Ces différentes dimensions doivent, selon les auteurs de la TSA, être analysées à trois niveaux distincts [Poole et DeSanctis, 1994 : 134] :

(1) Le niveau micro qui « examine l’appropriation des structures d’une technologie telle qu’elle apparaît dans les phrases, les tournures du discours, ou d’autres actes spécifiques du discours ».

(2) Le niveau intermédiaire qui permet « d’identifier les modes d’appropriation les plus persistants et typiques d’un groupe sur une période ». Les objets d’analyse sont ici les conversations, les réunions et documents. Il s’agit d’identifier « des formes systématiques dans la façon dont un groupe s’approprie les structures d’une technologie, en incluant des modes d’appropriation dominants, le degré de fidélité des appropriations ainsi que les usages instrumentaux et les attitudes associés au processus d’appropriation ».

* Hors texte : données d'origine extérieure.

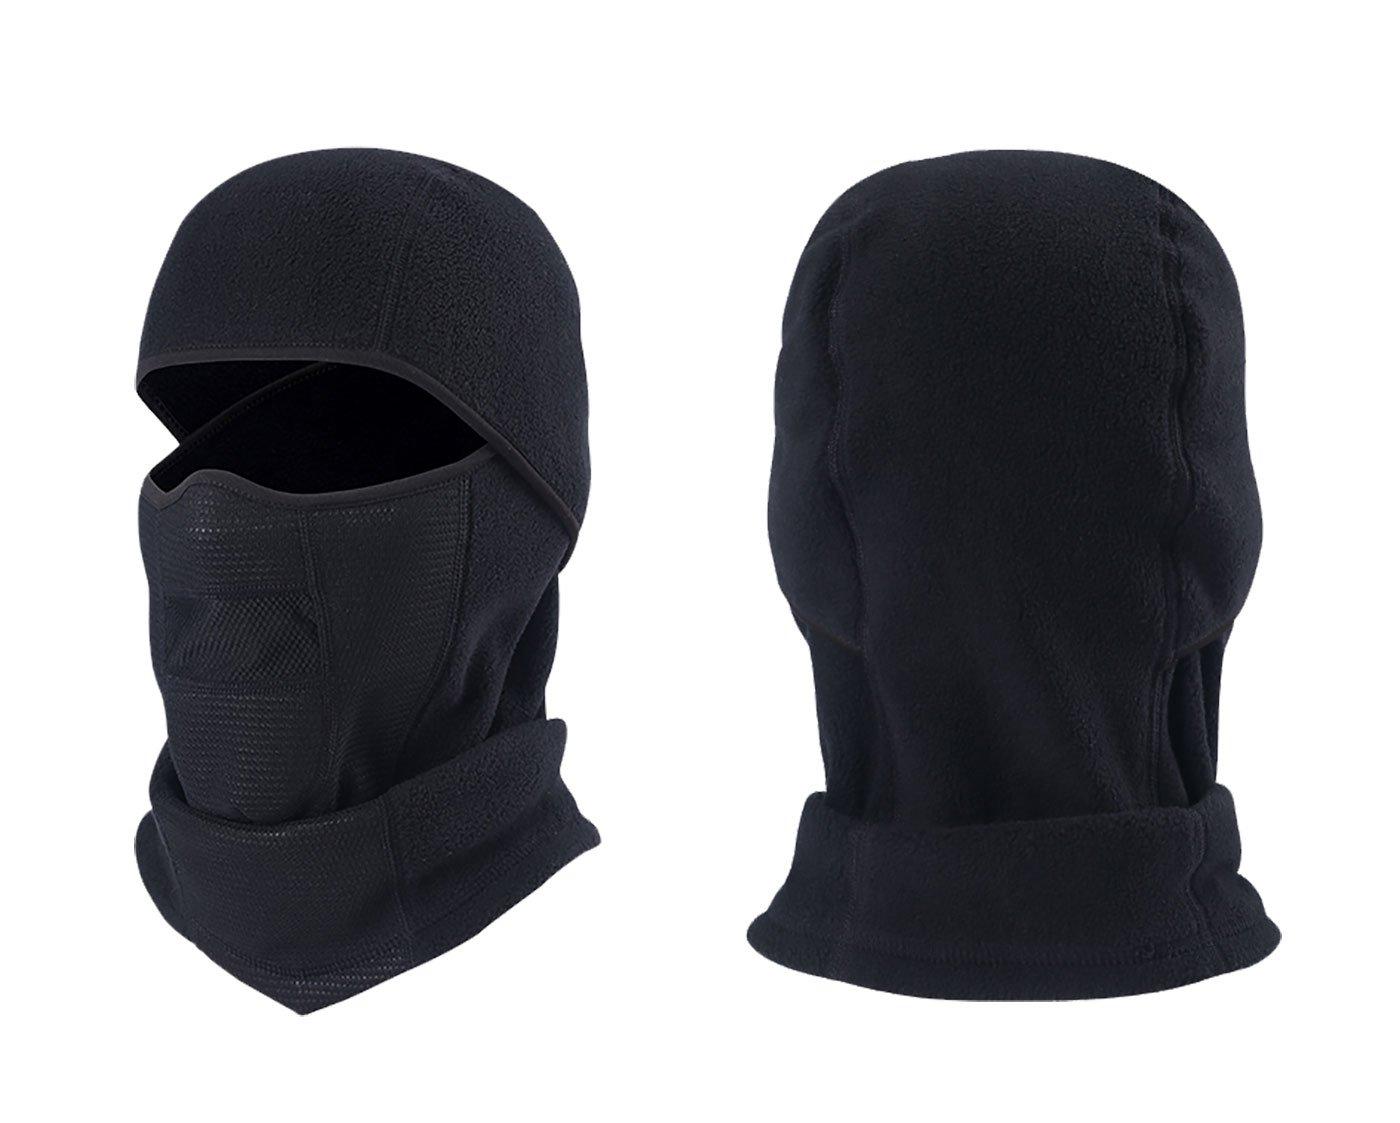 Panegy Funktions Sturmhaube Balaclava Skimaske Motorradmaske Fahrrad Maske Outdoor Sport Gesichtshaube Kopfhaube Schwarz 45*28cm

(3) Enfin le niveau institutionnel qui requiert une analyse longitudinale des discours sur la technologie. Le but est ici « d’identifier des modèles persistants de business units (la production versus le marketing par exemple), de profils d’utilisateurs (hommes versus femme) ou encore d’organisations (manufactures versus entreprises de service) ». Il s’agit véritablement d’un

« méso-niveau » et qui correspond au niveau le plus souvent analysé dans les perspectives structurationnistes. Ici, l’objectif consiste essentiellement à identifier « des changements persistants dans les comportements après l’introduction d’une technologie, comme des réorientations dans la

description de problèmes, dans les prises de décision ou encore dans les légitimations des choix ».

DeSanctis et Poole notent enfin que des facteurs peuvent influencer la façon dont un groupe s’approprie les structures sociales disponibles. Ces facteurs sont au nombre de quatre.

Il s’agit du style d’interaction entre les membres (par exemple le style du leader), du degré d’expérience et de connaissance des membres sur les structures encastrées dans la technologie, du degré perçu par les individus que les autres membres connaissent et acceptent l’usage des structures, et enfin, du degré d’accord entre les membres sur les structures qui peuvent être appropriées.

Chacun de ces éléments, les dimensions de l’appropriation, la définition de la technologie, …, concourent à formuler un véritable modèle de la théorie de la structuration adaptative.